How to Get a Shy Dog to Open Upby Lisa Finn
A dog will often back up when he's anxious.
Not all shy, timid dogs had a bad experience. Sometimes a dog was not socialized well as a puppy and now has some hang-ups about being around other canine companions or people. In addition, a puppy with a shy disposition may simply require time and training to get him feeling comfortable in his new surroundings. By using a combination of training techniques, behavioral modifications and patience, you can help your dog overcome his shyness.
Put the dog in agility and training classes or begin training the dog yourself. The purpose of training is for dog confidence, trust and obedience. Use target training by holding a treat in your closed hand and making him sniff or bump your hand to get it. This teaches him to come close to you and others and rewards social interaction. Another way is to ask for everything and make him do basic commands for affection. Or, when he does something positive, use a clicker device, say "yes," and give him a treat. By showing the dog your leadership and giving him conflict-resolution skills, he will exhibit less anxiety around others.
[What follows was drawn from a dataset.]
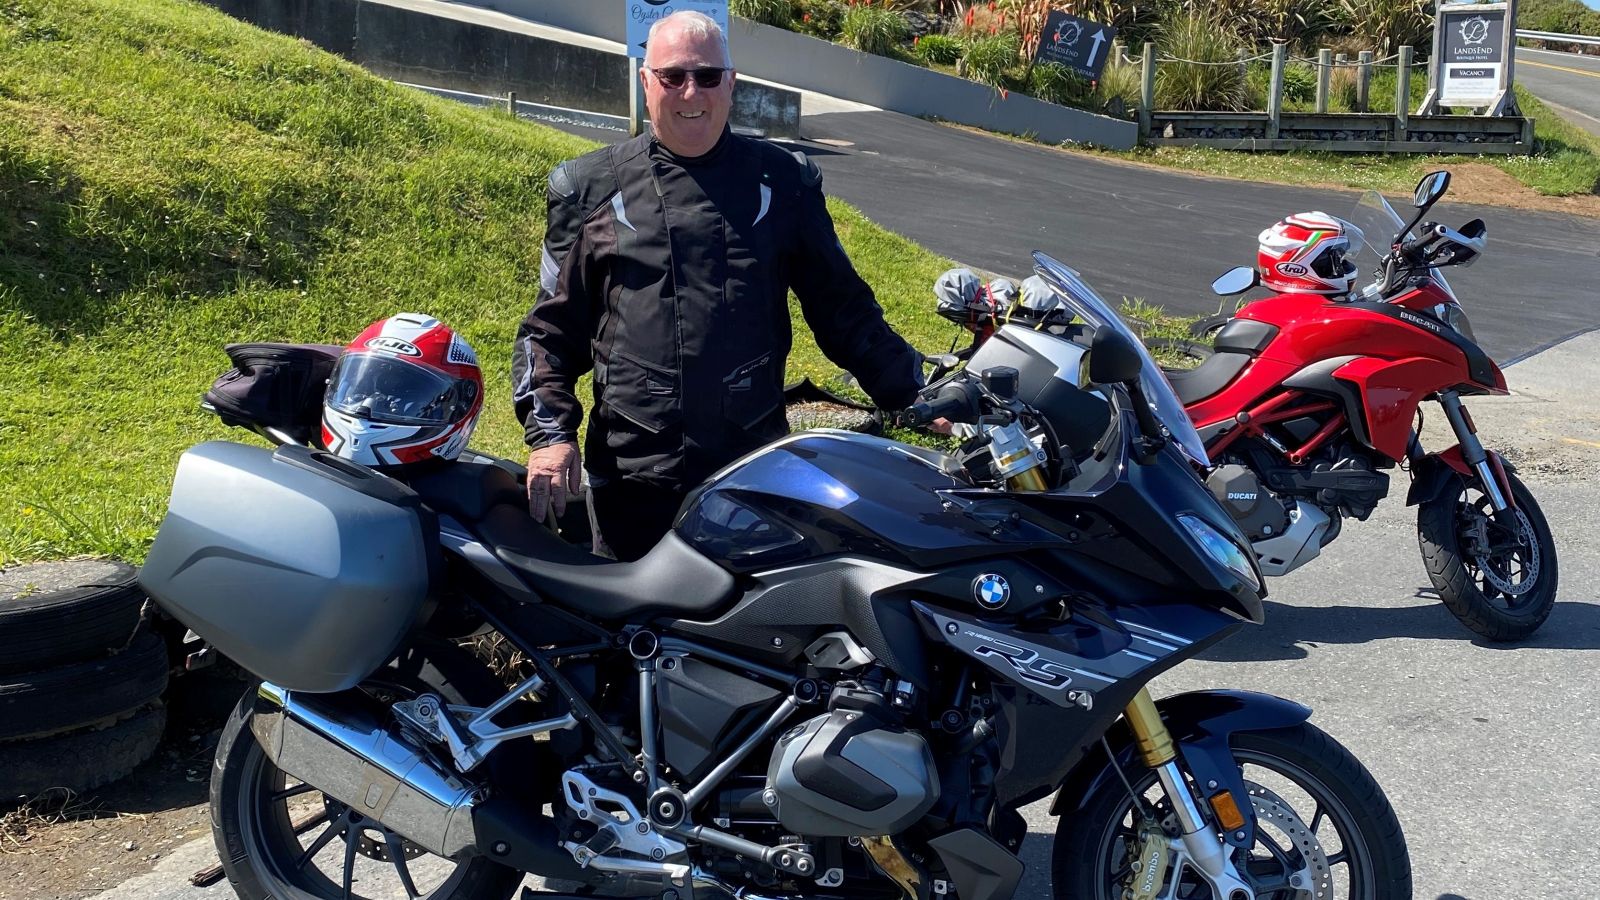 Paul McGilvary in black motorcycle clothing standing behind a black motorcycle

Games allow a dog to get his energy out, provide a mental break and are a stress reliever. A basic game is to have the dog associate his name with something he loves, such as a chew toy or treats. Only give him these things when he comes to you when called. Also use games that draw him close to you, such as fetch and tug-o-war. Make sure you start and end the game and put the object away when the game is over. Use agility play, such as setting up an obstacle course, and train the dog to go through the motions. Eventually, the dog will realize this form of exercise is exciting and he'll look forward to the activity.
Change the Dog's Feelings
Use a combination of desensitization and counterconditioning to change a dog's emotional and physiological response. First find whatever it is, such as meat, that motivates the dog. Pinpoint the dog's source of nervousness, such as someone new in the house, and then make it happen at a sub-threshold level. Immediately begin using the motivator to shift the dog's attention and emotions. As soon as the person leaves, the motivator stops. After many attempts, allow the stranger to give the motivator to the dog. Another option is to put the dog in his crate. This immediately calms the dog and allows him to feel safe from the outside activity while he observes from afar.
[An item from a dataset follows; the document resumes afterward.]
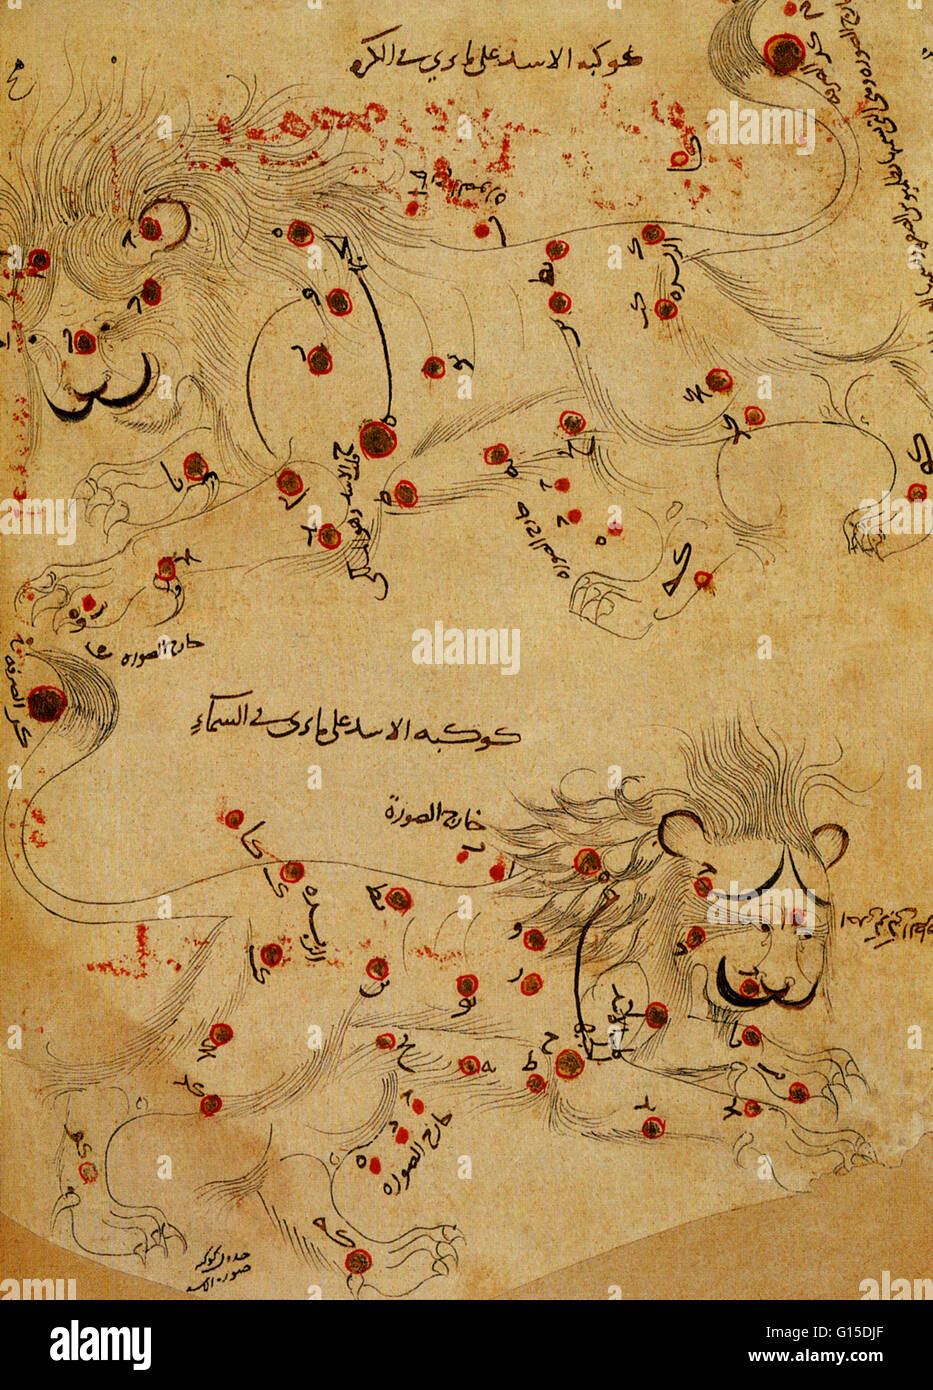 Costellazione del leone come appare nel libro delle stelle fisse,' scritto in 964 dall'astronomo persiano Abd al-Rahman al-Sufi. La costellazione è mostrato in due viste, uno come visto dalla terra e uno come si vede sul lato esterno di un globo celeste. Leo è Foto Stock

Let your dog open up to others at his pace. While on a walk, simply tell owners your dog is in training and ask that he not be engaged. If your dog chooses to go nose-first at a dog to smell him out, instruct the owner not to pet your pooch because it could make him withdraw again. It's also important to keep how you react in check. Stay calm and refrain from pulling on the leash or tensing up yourself when a dog or person approaches. Or, host a dog party at your home and invite smaller, friendly dogs. Remember, however, that coddling your dog when he's scared simply reinforces his behavior and perpetuates the shyness.